In that regard, the Mongol high command made immaculately detailed plans on how to infiltrate the enemy territory and gather first-hand knowledge about their defensive systems, roads, croplands, water supplies, and even grazing lands. Spies were further recruited to plant dissension among the enemy warlords and kings. Propaganda was also used to entice the local population, with the Mongols projecting themselves as potential liberators to the poor people.
Then came the phase of ‘practical ruthlessness’ entailing a pattern of terror and extermination. 13th-century Persian scholar Juvaini mentioned (obviously in an exaggerated manner) how 50,000 Mongol soldiers were tasked with slaughtering 24 civilians each after the Khwarazmian fortress of Urgench fell to the invaders, which would have resulted in a number higher than a million.
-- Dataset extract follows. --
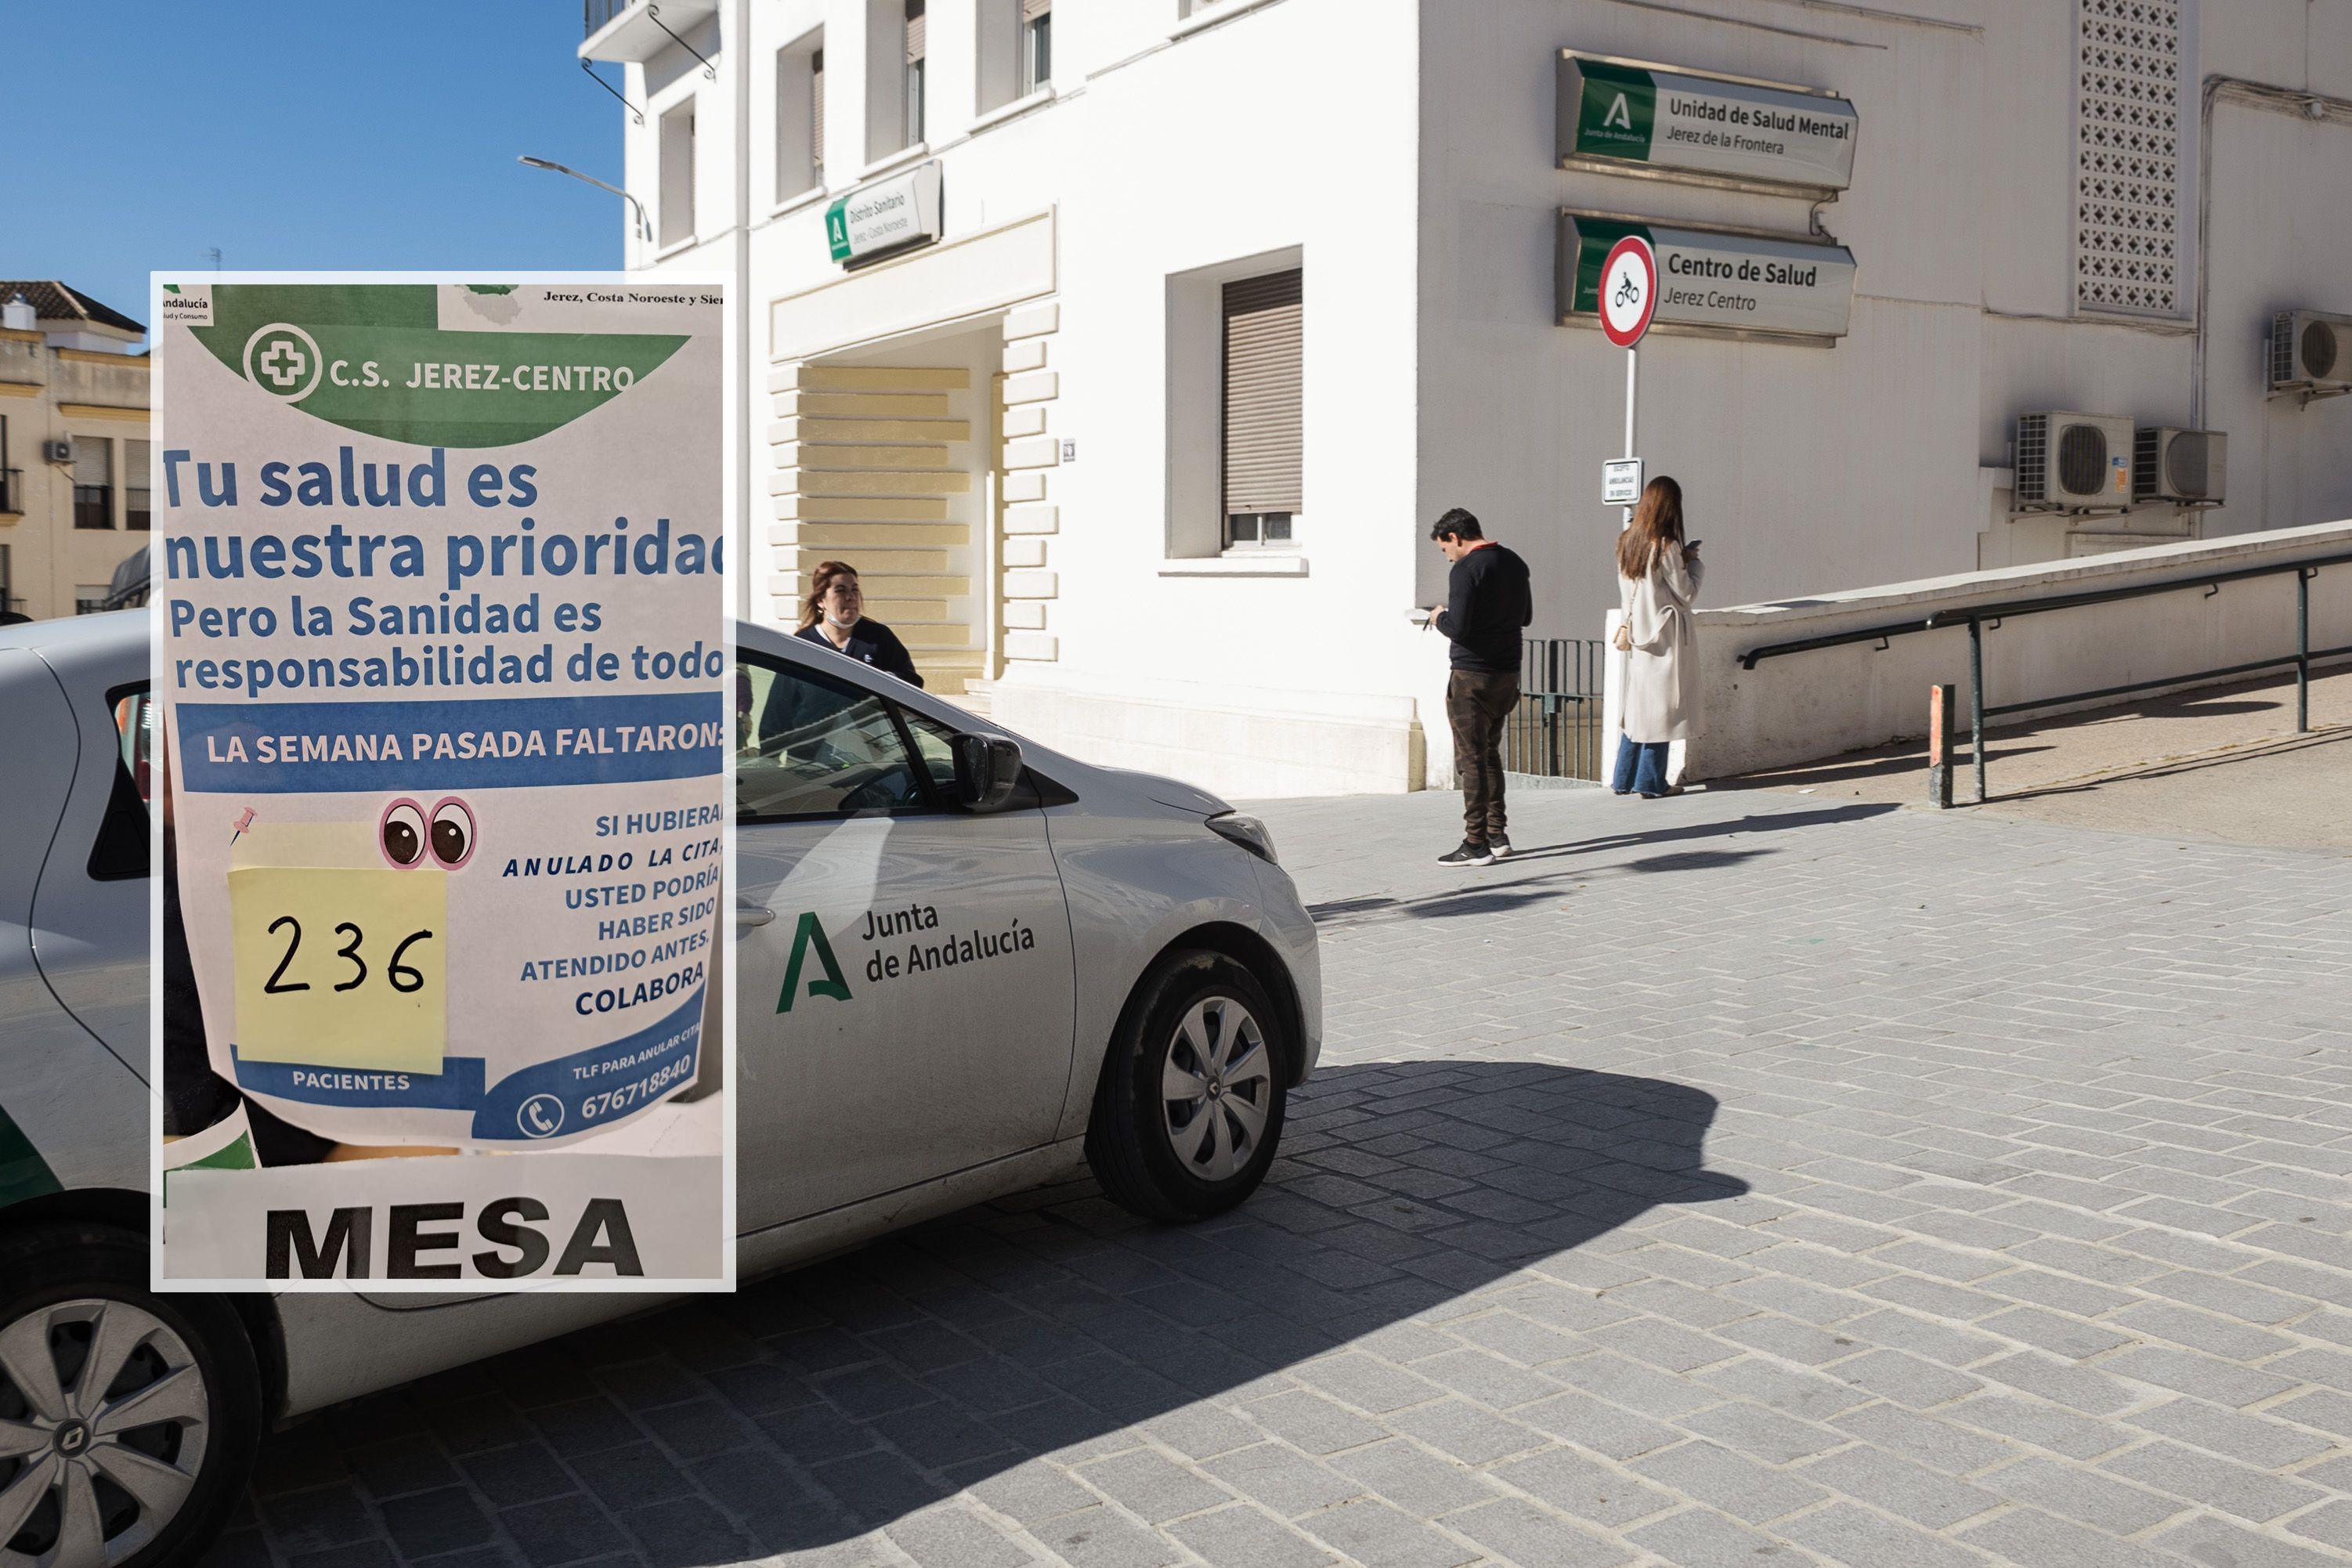 Imagen del centro de salud Jerez-Centro, con el cartel interior sobreimpresionado.

In the case of Balkh, the civilians were reportedly massacred even after they had surrendered. As for Nishapur, Genghis Khan’s own son-in-law Toghachar might have been killed by a stray arrow shot by one of the defenders. In an act of revenge, as Juvaini described –
[Then] they drove all the survivors, men and women, out on to the plain; and in order to avenge Toghachar it was commanded that the town should be laid waste in such a manner that the site could ploughed upon; and that in the exaction of vengeance not even cats and dogs should be left alive.
Once again, such punitive actions of the Mongols were unquestionably savage. But on an objective level, steering clear of modern-day sensitivity, there was a deep psychological element to this scope of cruelty. Once again referring to the ‘great dread’ – the very essence of shock-and-awe, coupled with ‘reports’ of exaggerated numbers, could shake the enemy morale to its core.
The Discipline of the Mongols
One of the rules for the Keshik clearly underlines how the commander of the entire guard unit of a military outpost must himself stand alongside his own soldiers for the night watch. And failure to do so would result in lashings of various degrees, ranging from 30 to 70 strokes, while repeat offenses even meant their total expulsion from the guard.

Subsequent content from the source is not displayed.